Casais dançando, luz, cor, era um outro mundo mesmo, uma outra vida. Consegui localizar Maikai, ele estava dançando, não com sua garota, mas com uma menininha em cima de seus pés, parecendo o mais feliz que uma pessoa poderia ser na vida.

As pessoas nem sempre são o que pensamos e nem sempre querem ser quem queremos que elas sejam, Cesc. Essa é uma das lições mais difíceis de aprender e de ensinar, porque é preciso que você vá além do que pode ver.

Maikai deixou a garotinha ir embora, porque sua namorada sádica havia chegado e exigido atenção. Os dois agora dançavam se encarando, olhos nos olhos, tão sincronizados que pareciam um só.

— Devo aceitar de boa a escolha dele então? Porque ele é um lobisomem feliz, mesmo que essa escolha seja a morte? - Falei ainda vendo os dois sumirem e aparecerem entre os outros casais na clareira, eles rodavam tão rápido...

A morte pode ser uma bênção para quem tem outra relação com a vida, sobrinho.

Sabia do que Erick estava falando, porque ninguém melhor do que ele para justificar isso, mas... Encostei minha testa na parede, fechando os olhos, me recusando a olhar essa alegria tão finita e sem sentido, porque Maikai podia ter esperado mais, ele só precisava...

Ri da minha hipocrisia, porque estava passando um dos piores momentos da minha vida e não tinha nem 24 horas que eu estava nessa situação, imagine semanas... Imagine milênios! Balancei a cabeça para afastar a ideia e me encostei novamente na parede, olhando para...

Meu coração parou, porque eu não estava mais sozinho.

Eu não movi um músculo sequer, mesmo que soubesse que aqueles olhos verdes impressionantes podiam me ver claramente recostado no fundo dessa jaula velha. Alba, aquela mulher misteriosa e cruel, me encarou por mais tempo do que era confortável em qualquer situação e antes que eu encontrasse a minha voz - que havia sumido para bem longe daqui - ela fez um movimento leve com as mãos.

A jaula se abriu.

Okay... Que pegadinha é essa? Ela me olhou por alguns segundos, o suficiente para eu tentar entender o porquê dessa mulher - que havia quebrado minha amada varinha, nunca esquecerei disso - estar me dando a minha liberdade de volta, assim, do nada.
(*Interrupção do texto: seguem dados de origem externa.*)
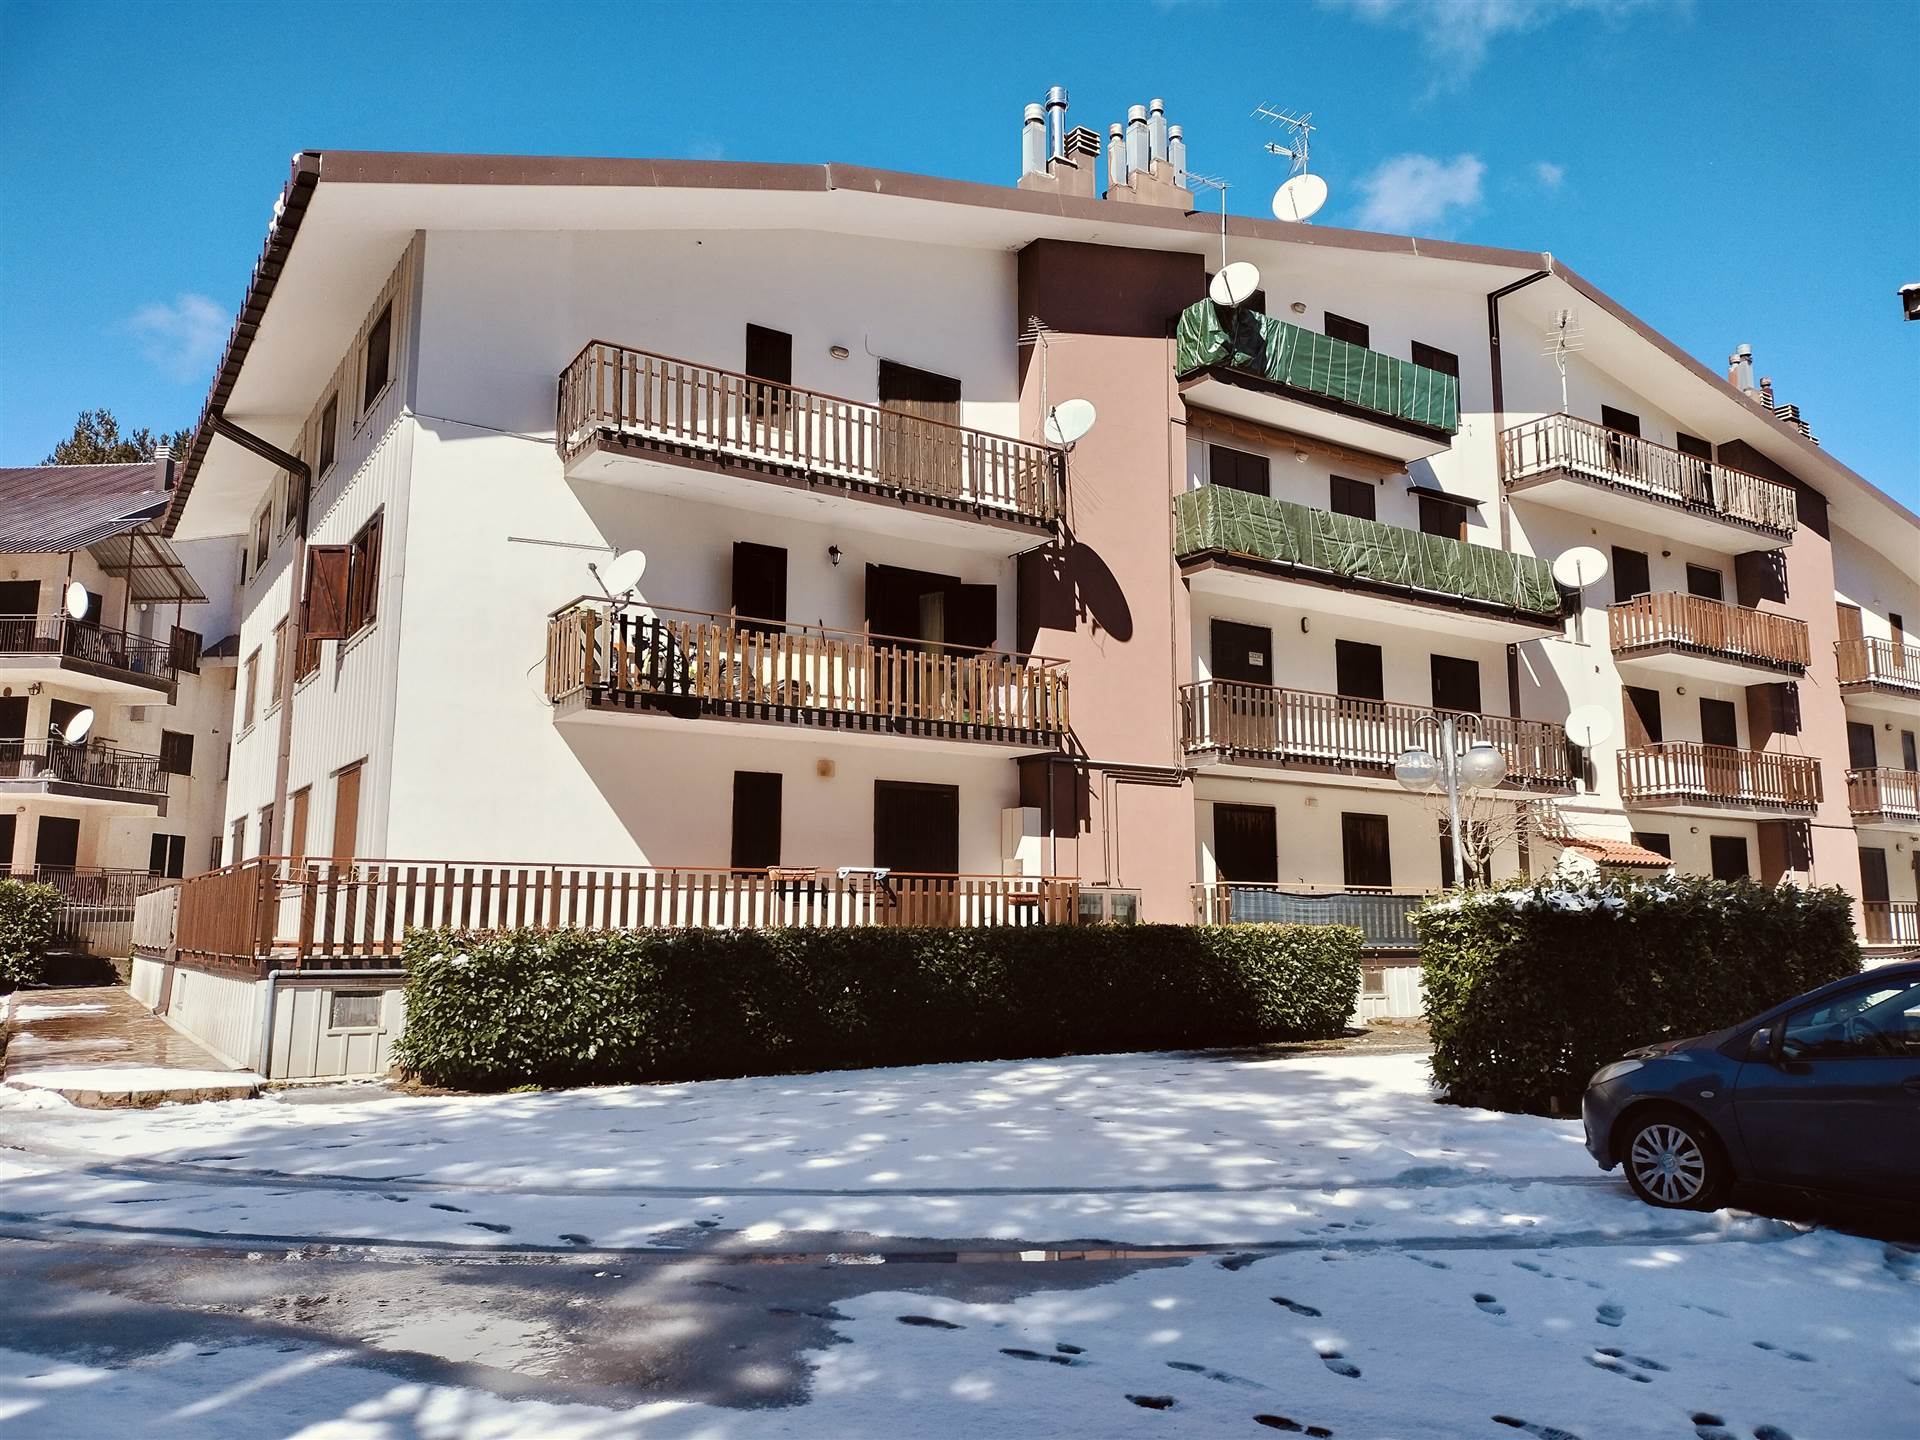 Appartamento in vendita a Spezzano della Sila, 3 locali, zona one, prezzo € 50.000 | PortaleAgenzieImmobiliari.it

— Vá, criança, a dívida foi paga. - Ela falou pela primeira vez, com uma voz doce, quase infantil, que seria a última coisa que eu esperaria dela. Não soube muito bem o que dizer, nem o que fazer - isso é ridiculamente inesperado, vamos combinar - então o diabo que fica sozinho no meu ombro me soprando as piores merdas, me tirou do meu torpor.

Se você não sair correndo dessa jaula AGORA, eu mesmo vou aí colocar a manivela intestinal do rom baro para te fazer um carinho!

Eu não faço ideia do que diabos é uma manivela intestinal - lembrar de olhar no Google de estômago vazio - mas eu tenho certeza absoluta que eu vou odiar isso com todas as forças, então eu sai correndo daquela carroça, nem parando para olhar para trás.

Adeus, ciganos filhos da puta, espero nunca mais vê-los novamente!